From a psycho-sociological perspective, human intelligence is today a fundamental resource for the functioning and organization of society. The ability to adapt to complex contexts, solve problems, and foster innovation has direct economic value, as it drives individual and collective productivity. Moreover, emotional intelligence, understood as the ability to understand and manage one’s own and others’ emotions, supports social cohesion and collaboration—indispensable factors in both workplace and community settings. Unsurprisingly, many organizational theories are based on enhancing cognitive and relational skills, recognizing that an enterprise’s economic and social success depends not only on technological innovation but also on the quality of human interactions, empathetic leadership, and the ability to build collaborative and resilient work environments. Economically, these skills generate tangible benefits, such as effective conflict management, increased work engagement, and reduced costs associated with stress and burnout. Socially, emotional intelligence contributes to building networks of support and trust, essential elements for community stability and progress.

Sociologically, the value of human intelligence is also evident outside organizational structures in its ability to generate social and intellectual capital—two fundamental pillars of economic and cultural development. Analytical, creative, and interpersonal skills enable individuals to manage complexities.

 

From a strategic-business perspective, human intelligence has always played a key role in strategic decision-making, change management, and leadership—abilities that remain challenging for artificial intelligence to replicate, even in an era of increasing automation.
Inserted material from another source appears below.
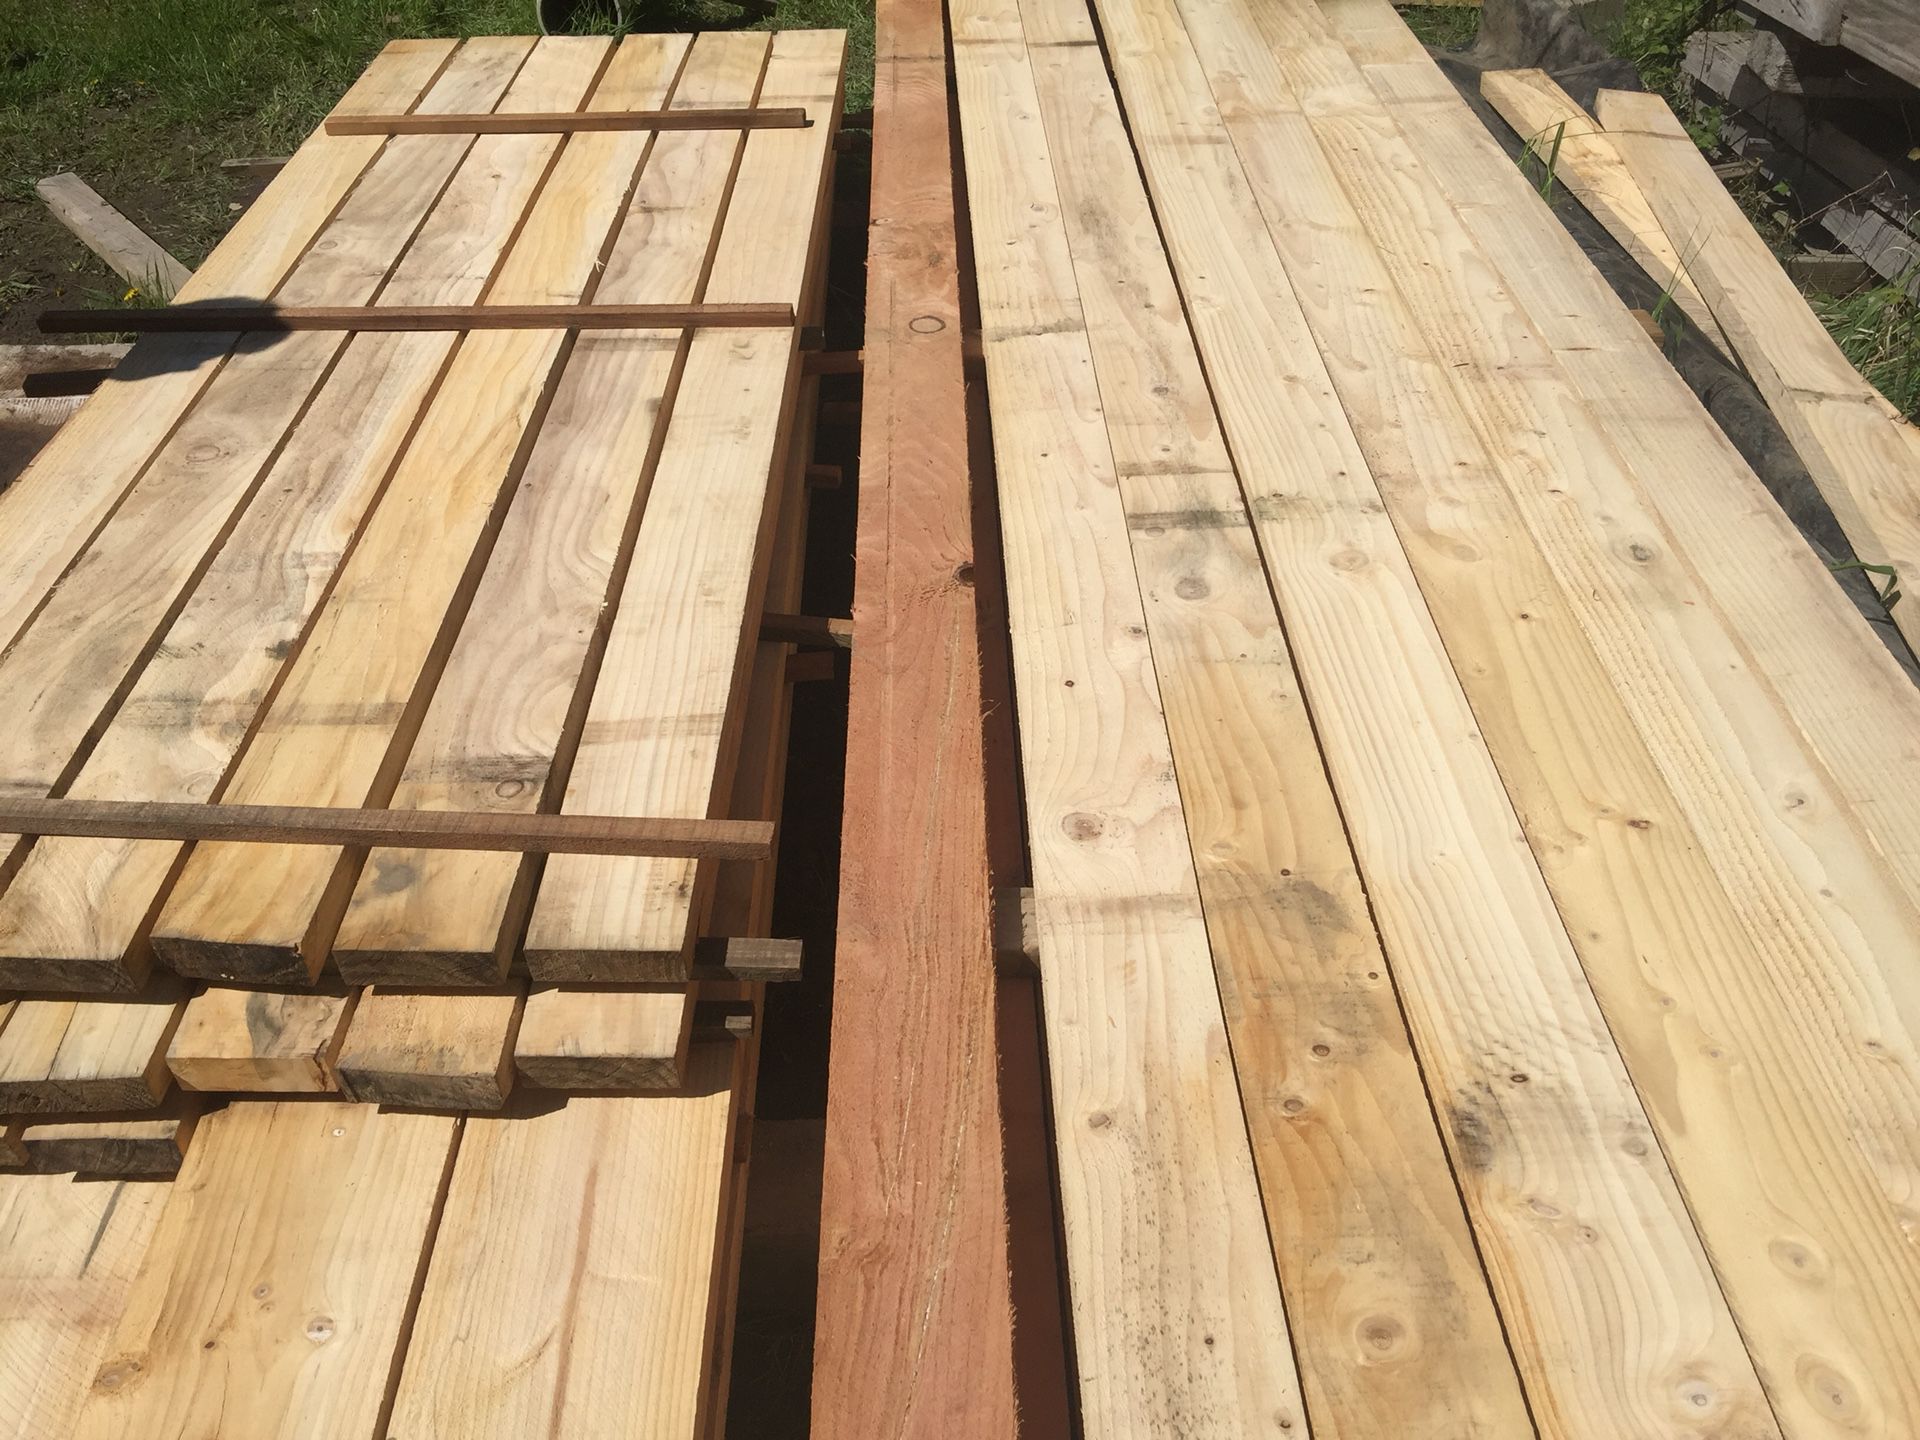 Rough cut fir lumber 100% dry! Would like to sell all Together if possible

However, with the advancement of AI, especially generative AI, an interesting dynamic emerges: while automation reduces the demand for certain repetitive tasks, it highlights the social and economic value of unique human abilities such as creativity, empathy, and moral judgment, which are increasingly sought after in roles requiring high interaction and innovation.
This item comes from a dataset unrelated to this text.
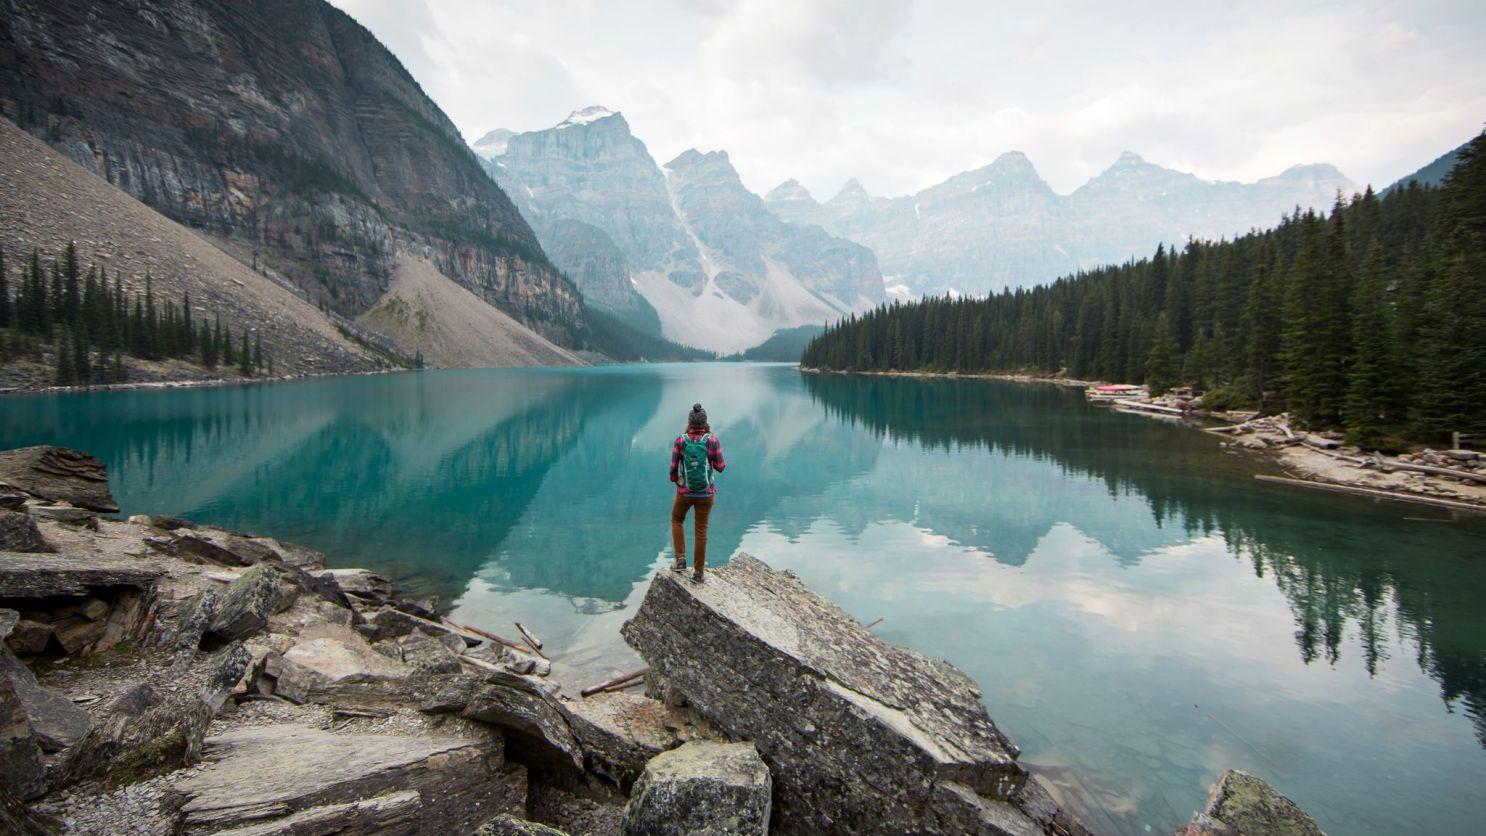 Spend 10 days exploring the Canadian Rockies, from Banff National

This shift also calls for a rethinking of educational and training structures, which should focus on amplifying these skills to ensure that human intelligence continues to generate value in a world increasingly supported (and not replaced!) by AI. By doing so, human intelligence can remain not only a central economic factor but also an indispensable social element for adapting to ever-changing contexts.

 

The relationship between human and artificial intelligence also extends beyond functionality, touching on existential questions of identity and purpose. Hannah Arendt’s exploration of the human condition highlights the centrality of work, labor, and action in defining human existence. The incursion of AI into labor and artistic work—traditionally human domains—requires a reconsideration of what constitutes meaningful action. The shift of routine intellectual tasks to AI creates opportunities for humans to engage in more creative and philosophical activities but also risks exacerbating socioeconomic inequalities, as access to such opportunities is often stratified and not entirely equal.
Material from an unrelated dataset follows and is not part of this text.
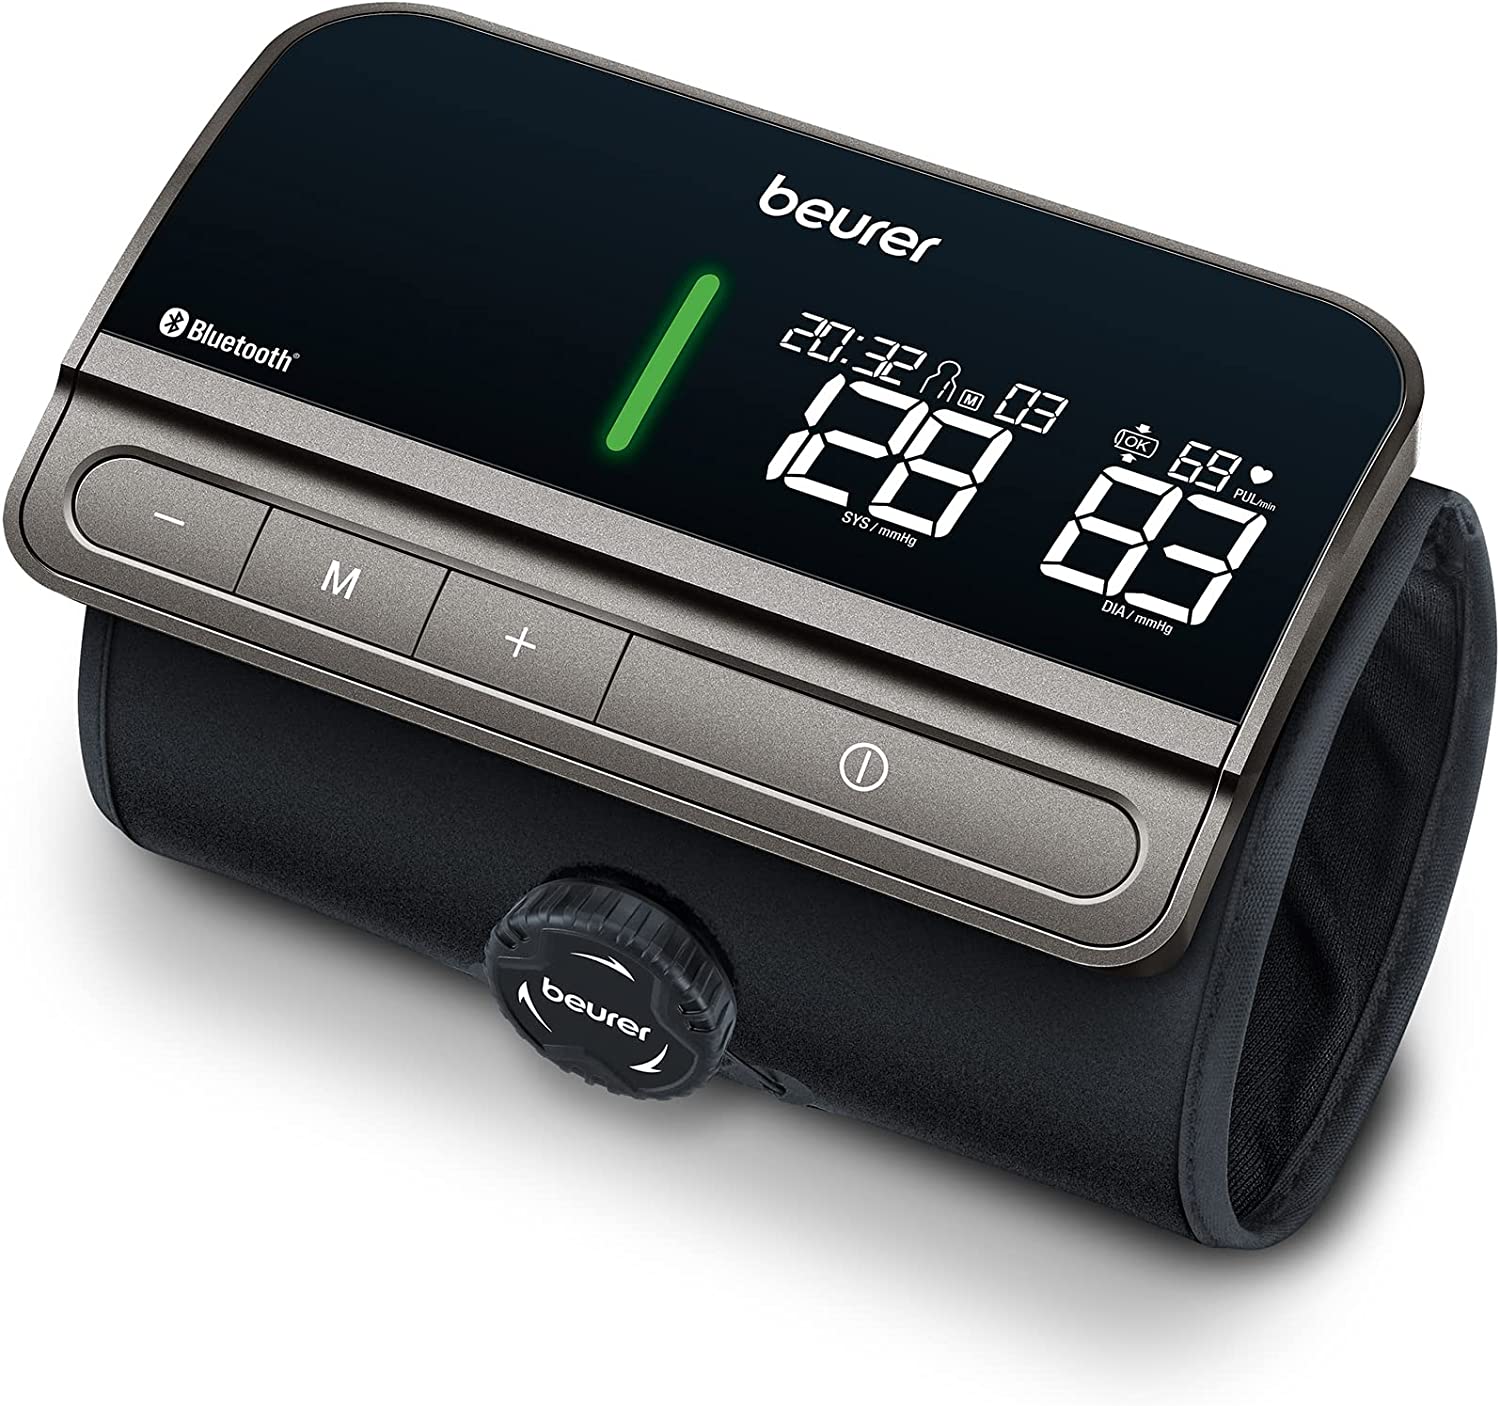 Beurer BM 81 easyLock Upper Arm Blood Pressure Monitor with Innovative Cuff without Hoses or Cables Gentle Pressure Building & Fast Measuring Time Medical Device with App Connection

The potential evolution of AI into systems capable of rivaling human intelligence thus brings to the forefront the strategic value of the latter, considered, according to Porter’s model, a key resource in creating competitive advantage. In this perspective, human intelligence is not limited to producing outputs but generates intrinsic value linked to understanding context, innovating originally, and making decisions based on complex judgments. Philosophical debates, such as Alan Turing’s imitation game, compel us to consider intelligence not so much for its origin as for the value it produces in terms of observable results. However, John Searle’s Chinese Room argument highlights that even in advanced systems, syntactic manipulation, no matter how precise, does not equate to semantic understanding and thus does not replicate the deeper value derived from human cognition.

This limitation, still evident, marks a crucial difference in value creation models: while AI excels in efficiency and data processing, human intelligence brings new meanings and context—central elements for the development of strategic innovations.